The component describes a behavior that occurs throughout the day (the timestamp mode is nonzero througout its domain). The behavior consists of machines on the network connecting to 10.106.187.106 on port 53. This is indicated by the non-zero scoring labels in each of the other modes. This component is coherent as 10.106.187.106 is the network's DNS server. It is also reasonable that this is component has a large weight.

In [6]:
plot_component(decomp, 0)
Out[6]:

There is a notable 50 minute gap in the time mode of the above component suggesting that something different was happening between the involved hosts at that time.
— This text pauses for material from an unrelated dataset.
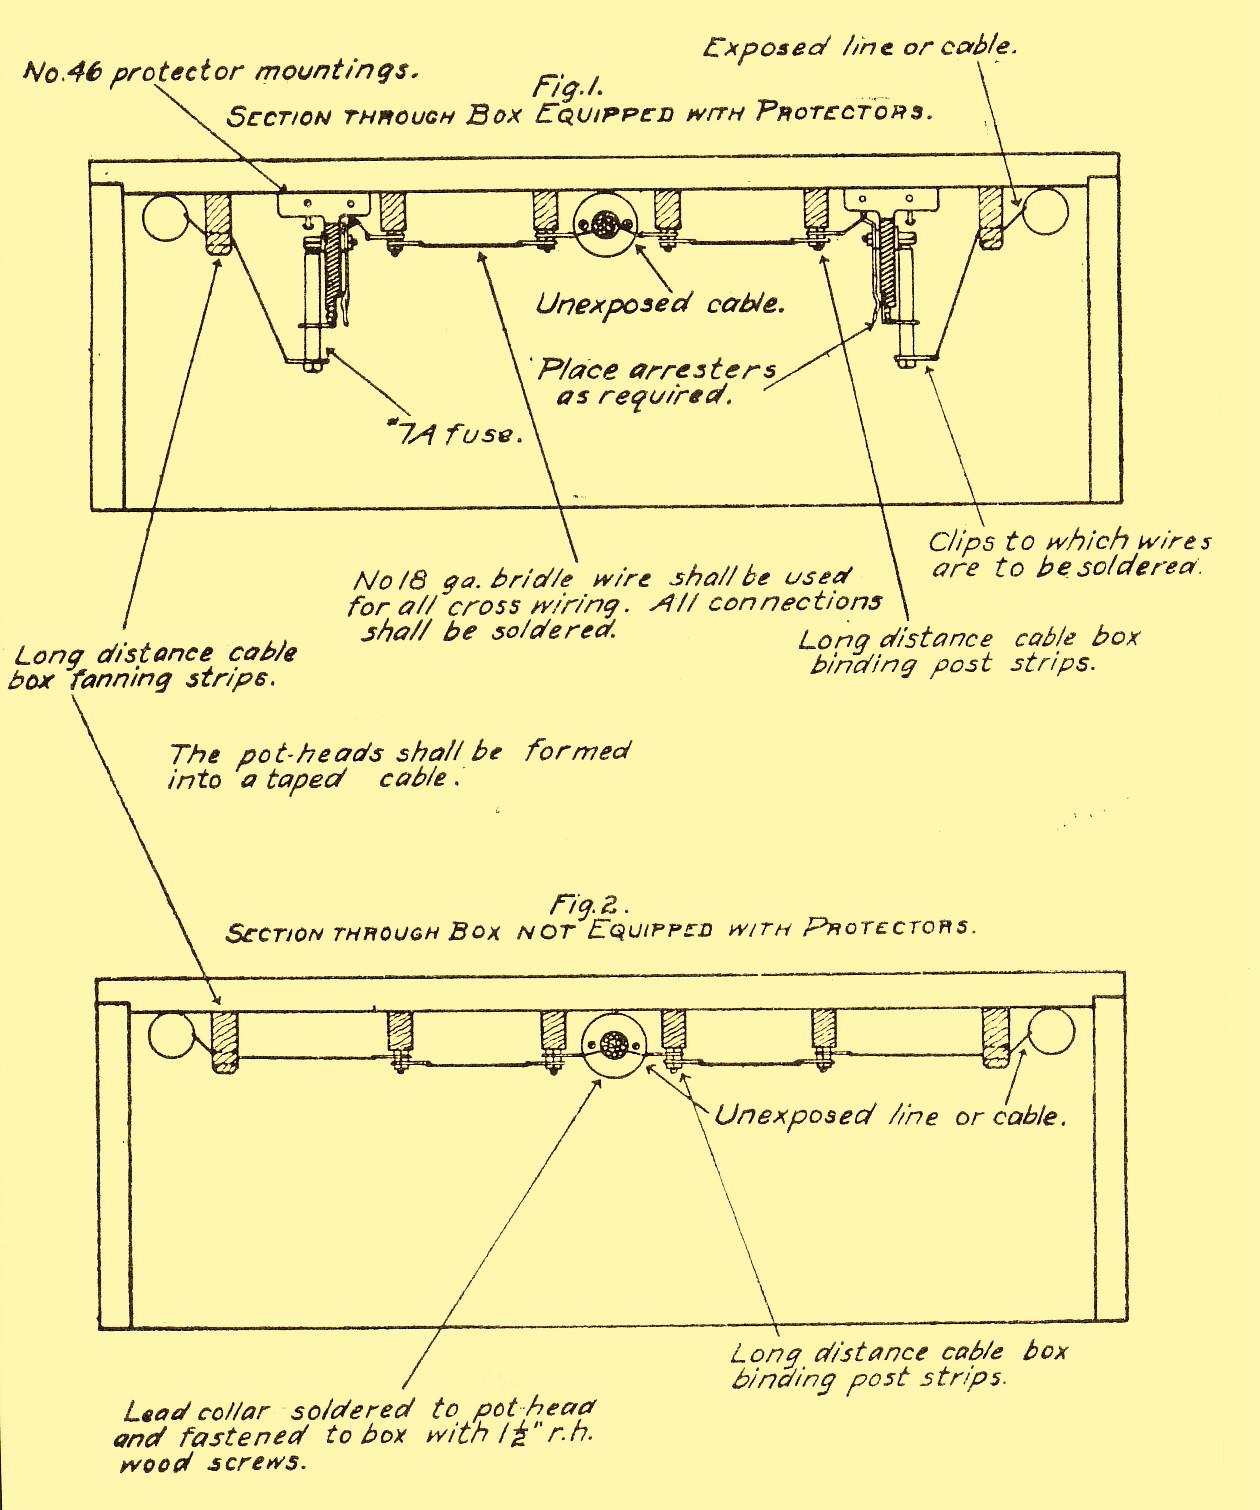 distributing-box-interior-profile-of-equipment-placement

We can investigate this by using the ENSIGN tool query_decomp to search for other components involving the same hosts.

In [7]:
query_decomp([decomp.factors], [decomp.labels], [[1]], '10.55.89.190')[0].sort_values(by='Score', ascending=False).head()
Out[7]:
Score Mode Component
2 0.715004 1 2
0 0.638488 1 0
17 0.074074 1 99
7 0.070562 1 8
14 0.059359 1 47

The host we queried also appears predominately in component 2, plotted below. Its time mode clearly account for the time missing in the above DNS component. Based on the last two modes, this component also represents DNS traffic. The subtle difference between the DNS traffic during these two time periods is the higher representation by the top two scoring origin hosts. Indeed, these hosts are involved in inspecting the previous day's network traffic, and this job is kicked off at the time of the peak.

In [8]:
plot_component(decomp, 2)
Out[8]:

Searching for Anomalies

While the component plotted above is coherent, it does not tell the user anything they don't already know about their network. Using ENSIGN's suite of tools, we can post-process the tensor decomposition components and flag those that have interesting features that may indicate some malicious activity.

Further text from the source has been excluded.